Братцы, услыхав речи ее, затихли. Тимоха слушал ее, да все не верил – видела по упрямо сжатым губам, по тому, как впивался сильными пальцами в лавку. Фомушка был тут же, он кивал своей стриженой головенкой, и неясно было, кому он поддакивает – матери или братцу. А доченька, малая кроха, послушала да пошла туда, где лики Богоматери, Иисуса Христа и Апостола Петра взирали на глупых маетных спорщиков.

– Восклеси! – сказала она. Будто не просила – приказывала.

Святотатство, грех, не понимает дочка ничего, кроха еще. Верит сердцем своим, что исполнят просьбу… Ее кот, будто поняв, что малая хозяйка просит что-то несусветное, принялся крутиться у ног ее и тихонько мявкать.

Полюшка постояла немного, ожидаючи ответа, и опять сказала, с силой, что поразила Сусанну:

– Восклеси!

А потом отпихнула от себя кота с яростью, кою и нельзя было представить в такой милой девчушке.

Фомушка, послушавши, встал рядом на колени и повторил то, что сестрица его по малости лет выдумала:

– Божечка, воскреси батюшку нашего Петра Страхолюда. Ты ведь можешь?

– Не может! – буркнул Тимоха так, что его услышала лишь Сусанна, и, сердито сопя, полез на полати – спать.

Той ночью слезы ее наконец оттаяли.

Сусанна измочила подушку.
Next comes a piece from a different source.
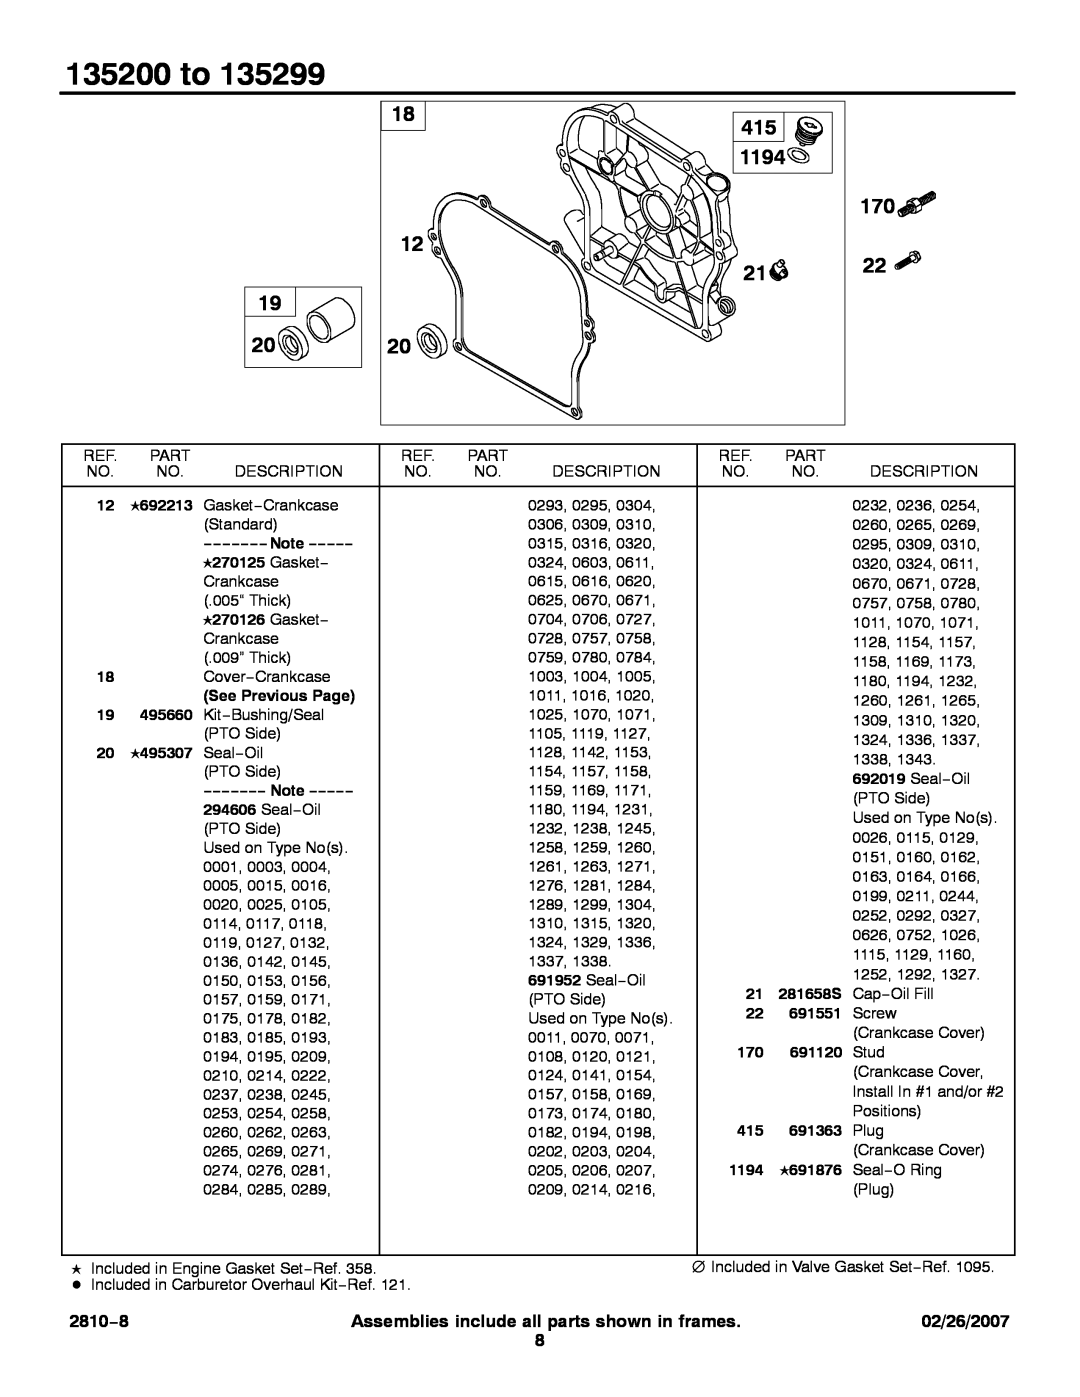 Briggs & Stratton service manual 135200 to, 1194, 2810−8, Assemblies include all parts shown in frames, 02/26/2007

Внутри билось горькое: «Петр, как же так? Как я без тебя? Как?» А когда уснула, пришел к ней муж в синем кафтане – словно тогда, в девичестве. Только теперь не гладил, не целовал срамно, а обнимал, словно в последний раз, кормил спелой земляникой, просил уберечь детей.

И, словно не понимая, как ранит тем женку свою, обещал вернуться.


* * *

В храме еще молились. Несколько баб – молодых и постарше – ставили свечки и шептались меж собой. Сусанна услыхала «поход», «опять татары» и поняла: то ее подруги по испытаниям, женки служилых.

Она стояла поодаль, молилась. Явившись сегодня одна, без Домны и Евси, она ждала подходящего мгновения.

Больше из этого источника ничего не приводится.